SECURITIES AND EXCHANGE COMMISSION

WASHINGTON, D.C. 20549

 

FORM 8-K

 

CURRENT REPORT

Pursuant to Section 13 or 15(d) of the Securities Exchange Act of 1934

 

Date of Report (Date of earliest event reported): March 1, 2022

 

TINGO, INC.
(Exact Name of Registrant as Specified in its Charter)

 

Nevada 333-205835 83-0549737
(State or Other Jurisdiction (Commission File (IRS Employer
Of Incorporation) Number) Identification No.)

 

43 West 23rd Street

New York, NY

 

10010

(Address of Principal Executive Offices) (Zip Code)

 

Registrant’s telephone number, including area code: (646) 847-0144

 

(Former Name or Former Address, if Changed Since Last Report)

 

Check the appropriate box below if the Form 8-k filing is intended to simultaneously satisfy the filing obligation of the registrant under any of the following provisions:

 

¨ Written communications pursuant to Rule 425 under the Securities Act (17 CFR 230.425)

 

¨ Soliciting material pursuant to Rule 14a-12 under the Exchange Act (17 CFR 240.14a-12)

 

¨ Pre-commencement communications pursuant to Rule 14d-2(b) under the Exchange Act (17 CFR 240.14d-2(b))

 

¨ Pre-commencement communications pursuant to Rule 13e-4(c) under the Exchange Act (17 CFR 240.13e-4(c))

 

Indicate by check mark whether the registrant is an emerging growth company as defined in Rule 405 of the Securities Act of 1933 (17 CFR §230.405) or Rule 12b-2 of the Securities Exchange Act of 1934 (17 CFR §240.12b-2). ¨

 

If an emerging growth company, indicate by check mark if the registrant has elected not to use the extended transition period for complying with any new or revised financial accounting standards provided pursuant to Section 13(a) of the Exchange Act. ¨

 

 

 

 

 

 

Item 5.05Departure of Directors or Certain Officers; Election of Directors; Appointment of Certain Officers; Compensatory Arrangements of Certain Officers.

 

On March 1, 2022, Tingo, Inc. (“Tingo” or the “Company”) entered into service agreements with each of its five executive officers, summarized as follows:

 

Dozy Mmobuosi. On March 1, 2022, the Company entered into a 24-month Executive Employment Agreement with Dozy Mmobuosi, its Chief Executive Officer, with an effective date of August 15, 2021. The Agreement provides for a base salary of Six Hundred and Eighty Thousand Dollars ($680,000) per annum, together with bonuses of up to twice his annual base salary then in effect and equity incentives, all as determined by the Compensation Committee of the Tingo Board of Directors.
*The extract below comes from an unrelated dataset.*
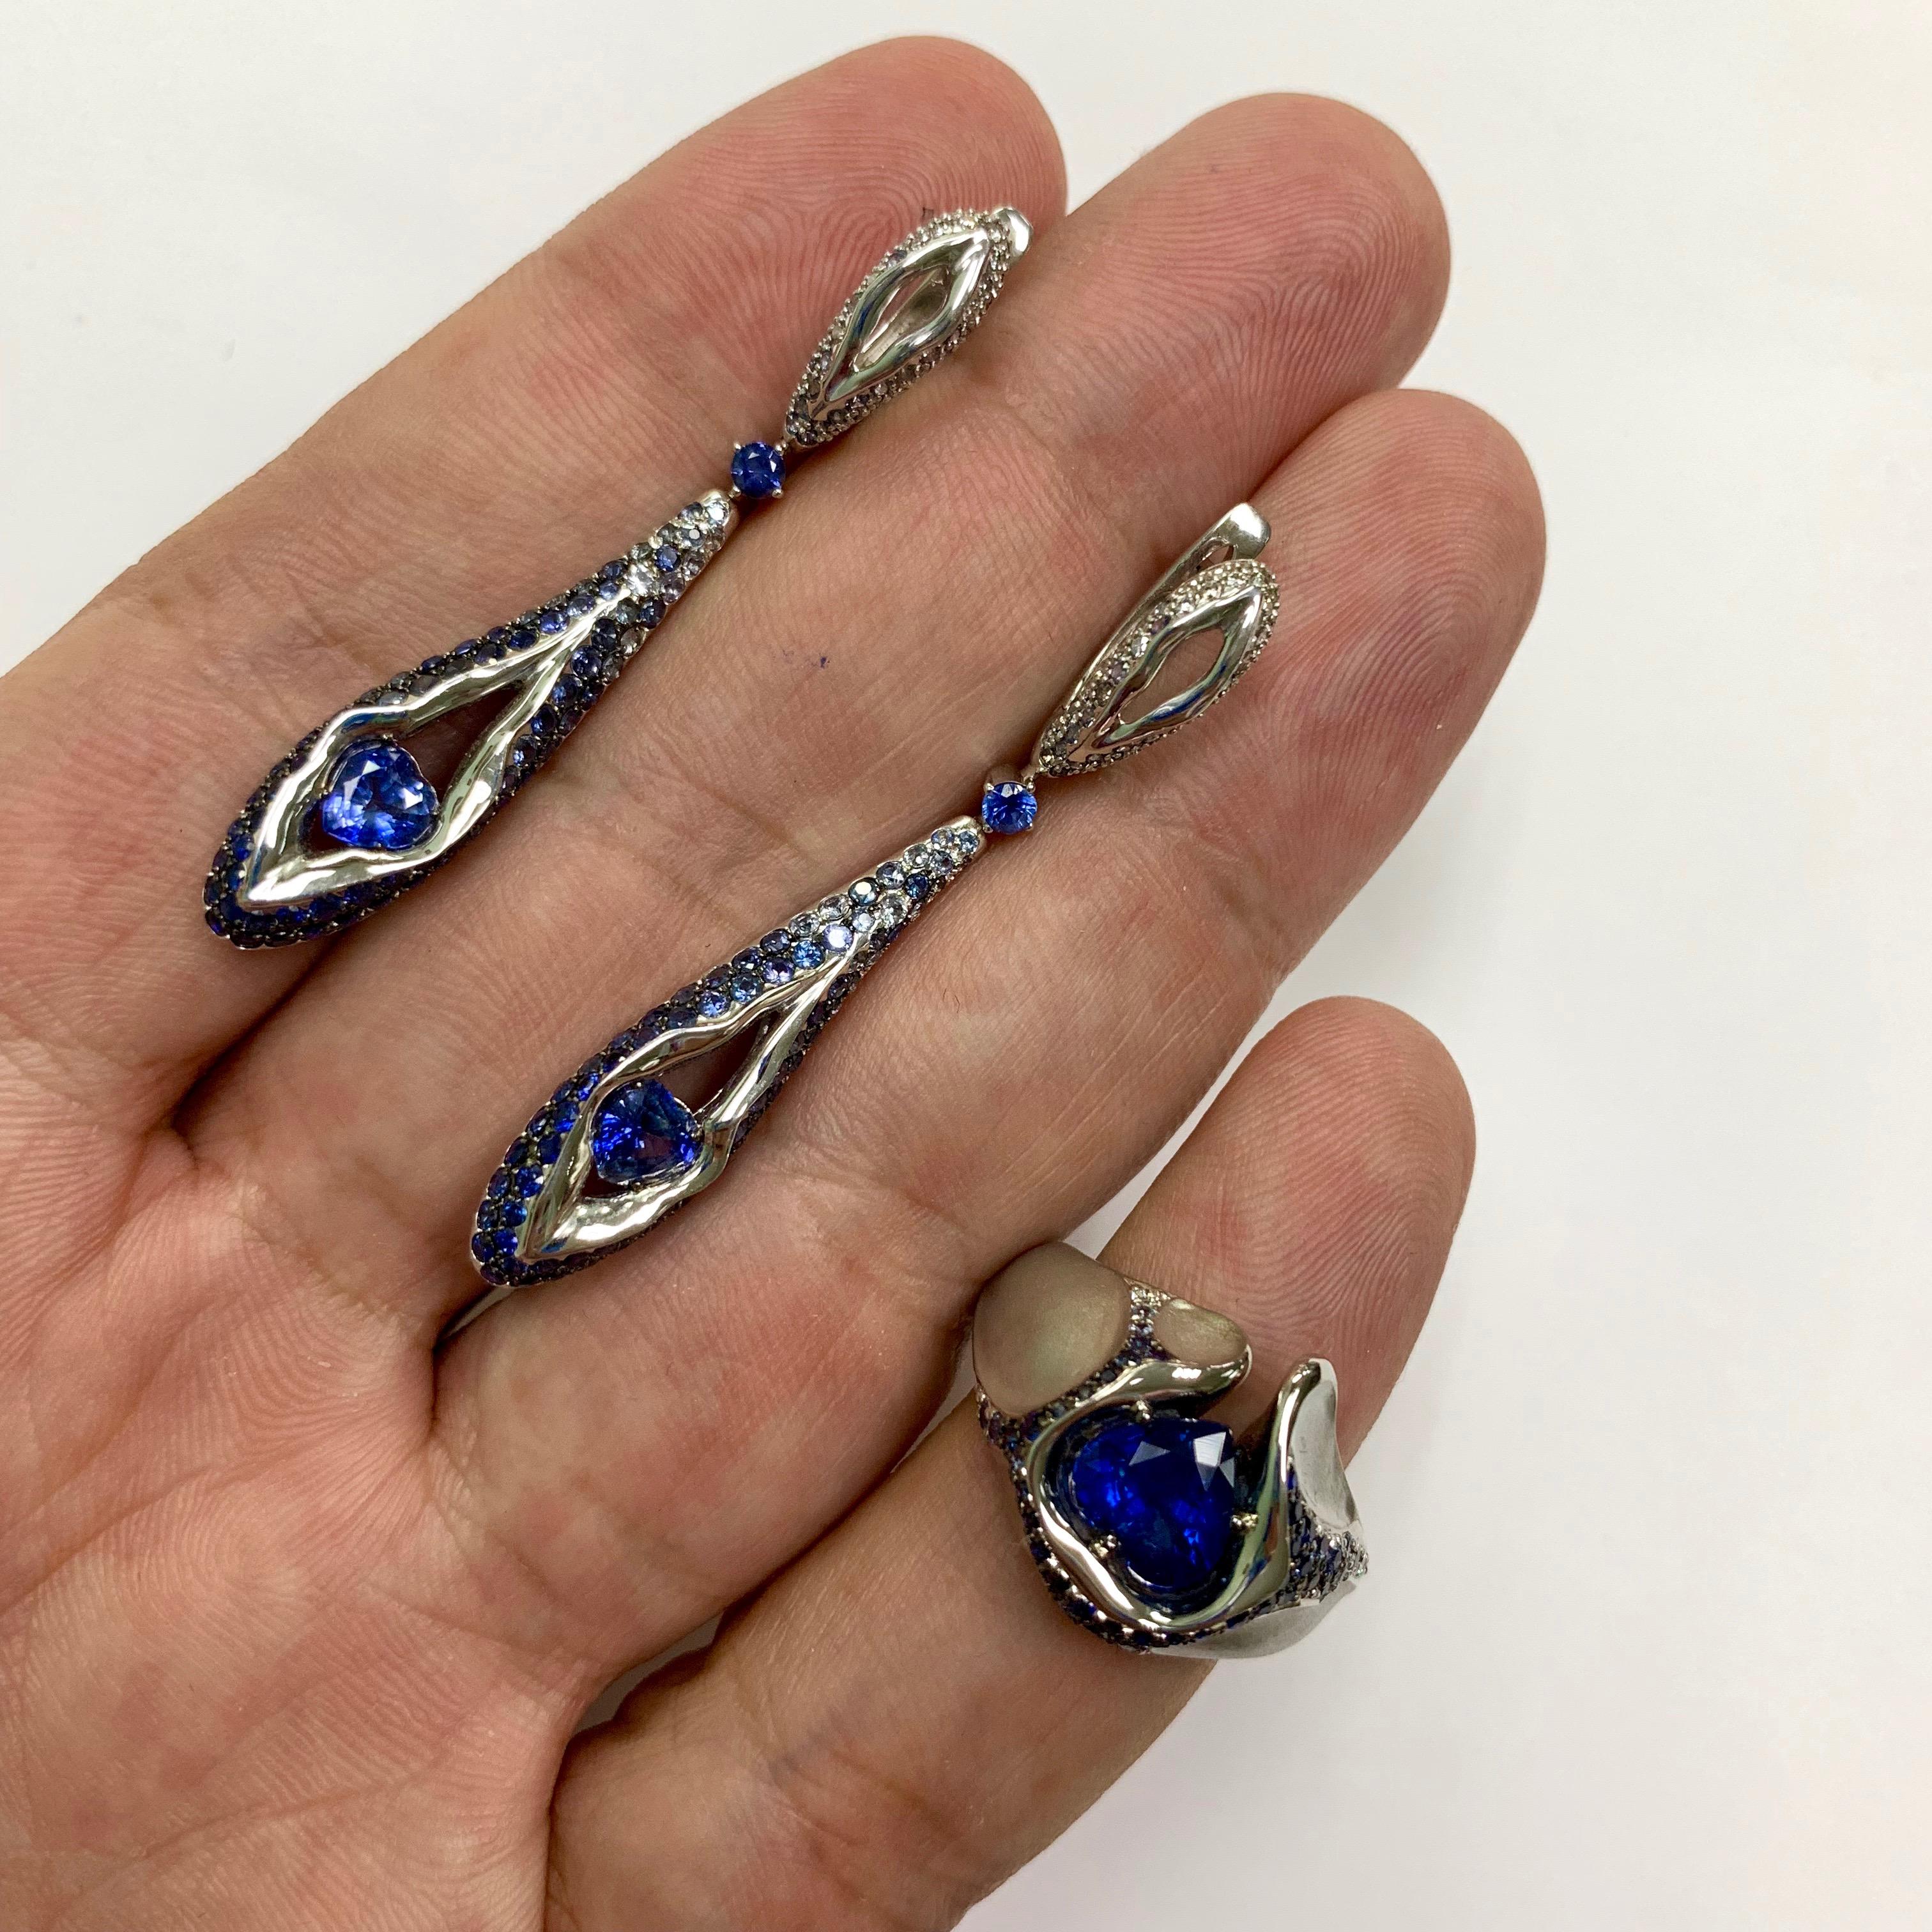 Sapphire Diamond 18 Karat White Gold HeartBeat Ring Earrings Suite
White 18K matte and glossy Gold looks like a rock cracked from strong blows, through which a Blue heart-shaped Sapphire makes its way out. From the central stone there are cracks in

If Mr. Mmobuosi’s employment is terminated without cause, he will be entitled to a severance payment equal to his annual base salary then in effect, together with any bonus payments made during the twelve months prior to termination.

 

Christopher Cleverly. On March 1, 2022, the Company entered into an Executive Service Agreement with Christopher Cleverly, its President, with an effective date of August 15, 2021. The Agreement provides for a base salary of Five Hundred Thousand Dollars ($500,000) per annum, together with bonuses of common stock purchase options, with an exercise price of $4.00 per share, of up to five percent (5%) of the company’s outstanding shares, the quantum of which depends upon the trading price of the Company’s shares during the 36-month period following the effective date. Mr. Cleverly is further entitled to a severance payment equal to his annual base salary then in effect if his Service Agreement is terminated without cause.

 

Dakshesh Patel. On March 1, 2022, the Company entered into an Executive Service Agreement with Dakshesh Patel, its Chief Financial Officer, with an effective date of August 15, 2021. The Agreement provides for a base salary of Five Hundred Thousand Dollars ($500,000) per annum, together with bonuses of common stock purchase options, with an exercise price of $4.00 per share, of up to five percent (5%) of the company’s outstanding shares, the quantum of which depends upon the trading price of the Company’s shares during the 36-month period following the effective date. Mr. Patel is further entitled to a severance payment equal to his annual base salary then in effect if his Service Agreement is terminated without cause.

 

Kenneth Denos. On March 1, 2022, the Company entered into a 24-month Executive Employment Agreement with Kenneth Denos, its Executive Vice President and General Counsel, with an effective date of September 1, 2021. The Agreement provides for a base salary of Four Hundred and Eighty Thousand Dollars ($480,000) per annum, together with bonuses of up to twice his annual base salary then in effect and equity incentives, all as determined by the Compensation Committee of the Tingo Board of Directors. If Mr. Denos’s employment is terminated without cause, he will be entitled to a severance payment equal to his annual base salary then in effect, together with any bonus payments made during the twelve months prior to termination.

 

Rory Bowen. On March 1, 2022, the Company entered into a 24-month Executive Employment Agreement with Rory Bowen, its Chief of Staff, with an effective date of August 15, 2021. The Agreement provides for a base salary of One Hundred and Seventy Thousand Dollars ($170,000) per annum, together with bonuses of up to twice his annual base salary then in effect and equity incentives, all as determined by the Compensation Committee of the Tingo Board of Directors. If Mr. Bowen’s employment is terminated without cause, he will be entitled to a severance payment equal to his annual base salary then in effect, together with any bonus payments made during the twelve months prior to termination.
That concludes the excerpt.